Thursday, February 11, 2010

Some more thoughts on Deadwood’s “Type”

I’ve been thinking some more about Deadwood’s type byte, which I discussed in the last blog entry. The reason why the only thing the type byte notes is whether the NXDOMAIN bit is set is because, when I was making Deadwood a simple DNS cache that treats DNS data, as much as possible, like a “black box”.

For a caching-only DNS program, we don’t care what’s in the packet except to decide how long to cache it. We only used the type byte because it was the only place I could store the NXDOMAIN bit in the header.

There’s a lot of confusion about the NXDOMAIN bit, and, as DJB has pointed out, a lot of naive DNS implementations get it wrong. The NXDOMAIN bit in the DNS header indicates that not only isn’t there a DNS entry for this name with this record type, there is no DNS entry for this name for any record type. You can also have a simple DNS “not there” reply, which is a DNS record without the NXDOMAIN bit set, but in the format of a NXDOMAIN: No answer in the AN section, and a SOA record in the NS section.

So, in reality, we have positive DNS answers, and we have two types of negative DNS answers: “Not there” DNS replies, and NXDOMAINs.

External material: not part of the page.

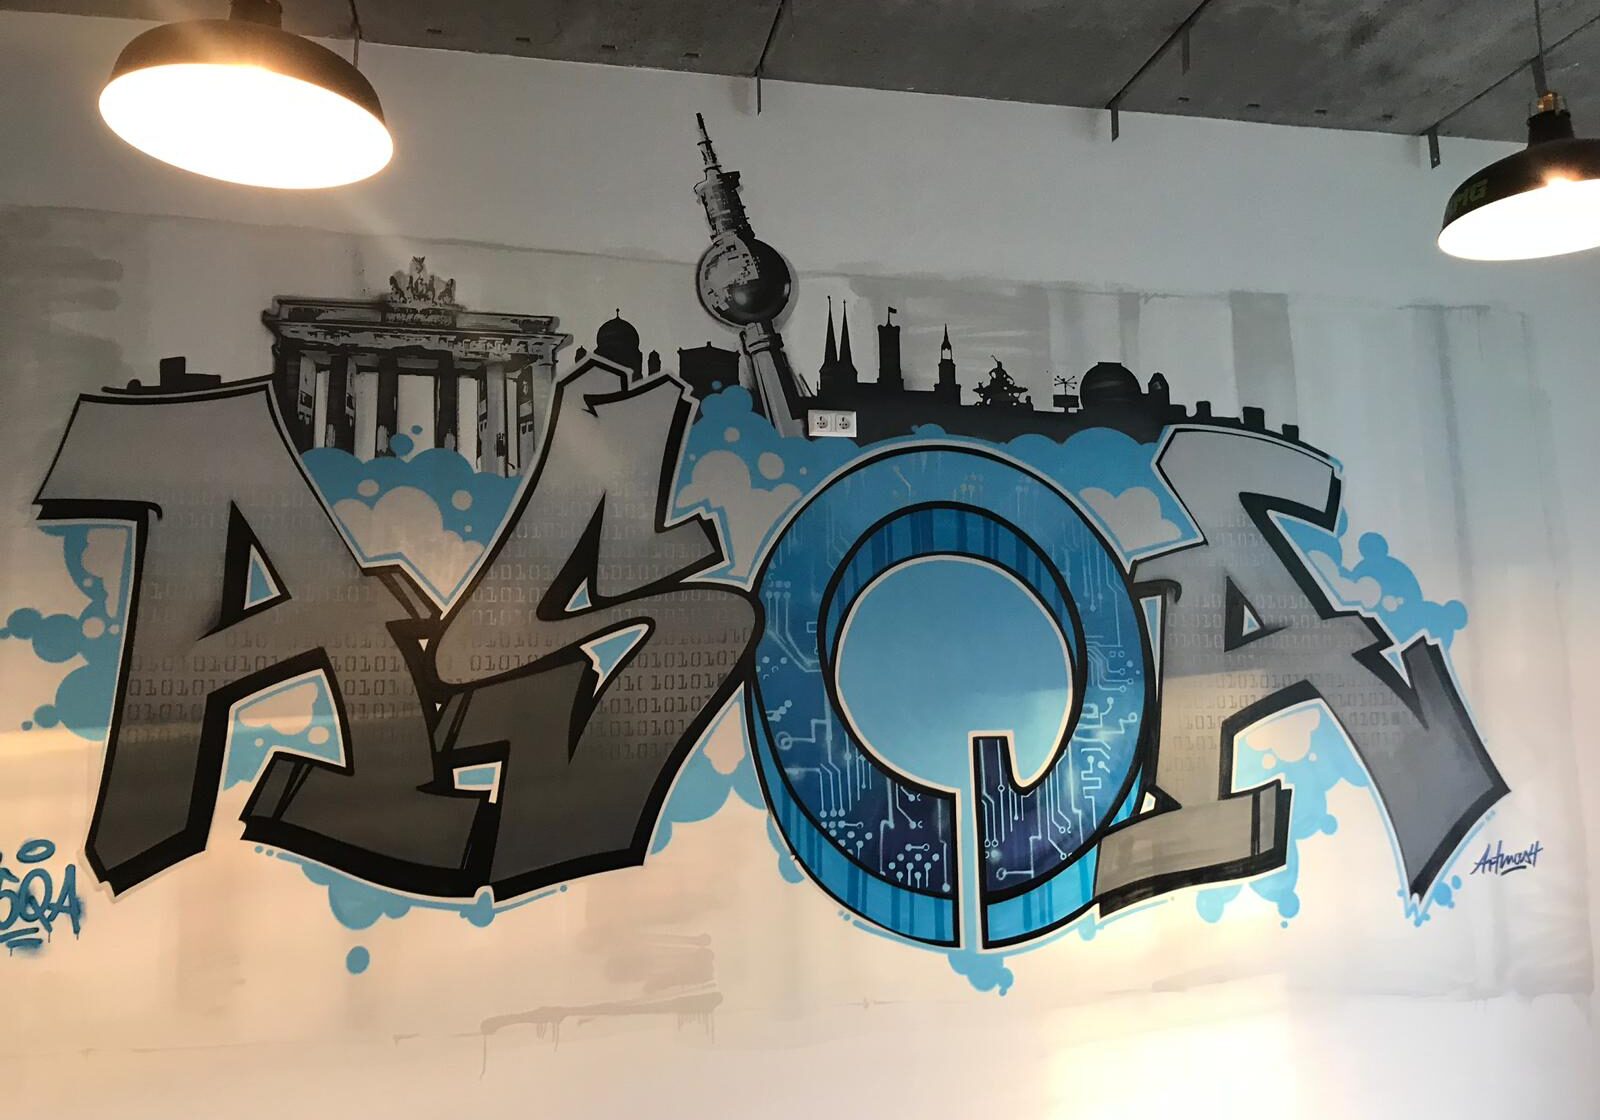 ASQA_Berlin_2018_Graffiti_innen_IT_technik_style_Skyline_sehenswürdigkeiten_grau_blau
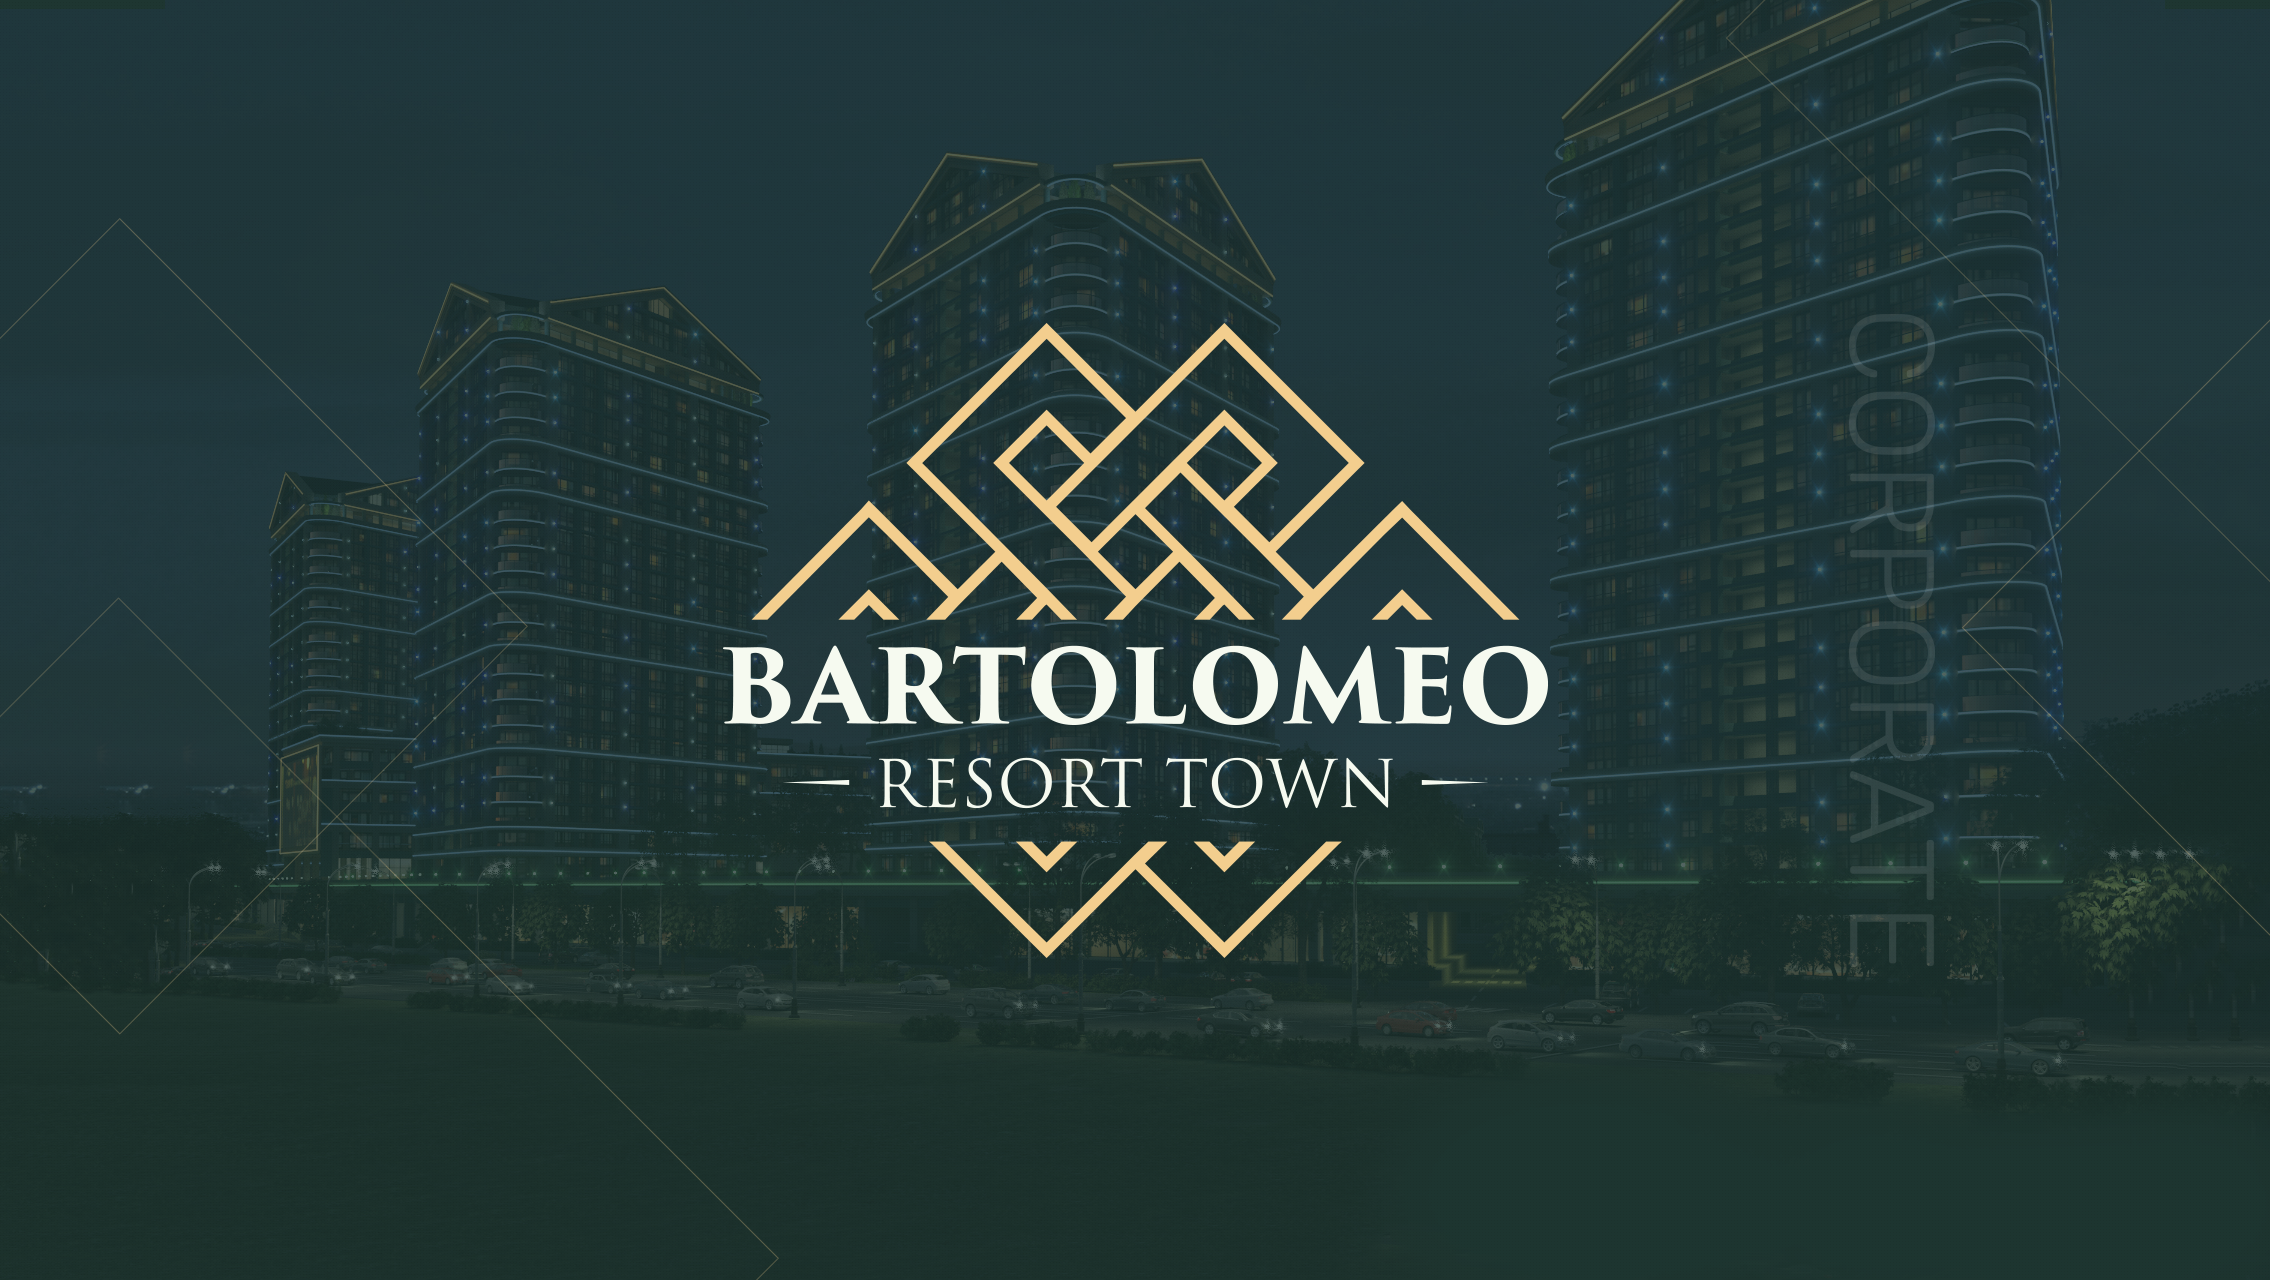 Створення корпоративного сайту ЖК Bartolomeo resort town

Deadwood currently treats “not there” and positive answer DNS replies the same: Both DNS replies are passed as-is on to the client. They are both type 0 (answer to pass on to the client without setting the NXDOMAIN bit) replies.

Now that we are doing a deeper inspection of DNS packets, I would like to change that. I would like to have positive replies distinguished from non-NXDOMAIN “not there” replies, and require a reply with the NXDOMAIN bit set to be, in fact, a NXDOMAIN reply.

So, my revised list of types:
  • Type 0: Positive answer
  • Type 1: NXDOMAIN negative reply
  • Type 2: Non-NXDOMAIN negative reply
  • Type 16: NS referral
  • Type 17: CNAME referral
  • Type 18: All known servers timed out last time we tried to get this data
The reason for the revised numbering scheme is that I would like types 0-15 to be set aside for replies we pass on to the client, with 16-31 used for data which means we have to do more work to find an answer. Type 18 will let us know to be more patient with the servers (maybe they’re just really flaky), and even allows there to be framework to have Deadwood periodically try to contact these servers just in case it’s a case of the servers being offline whenever the admin unplugs the server to plug in the fridge to cool down the beer (note: I’ll probably not implement this).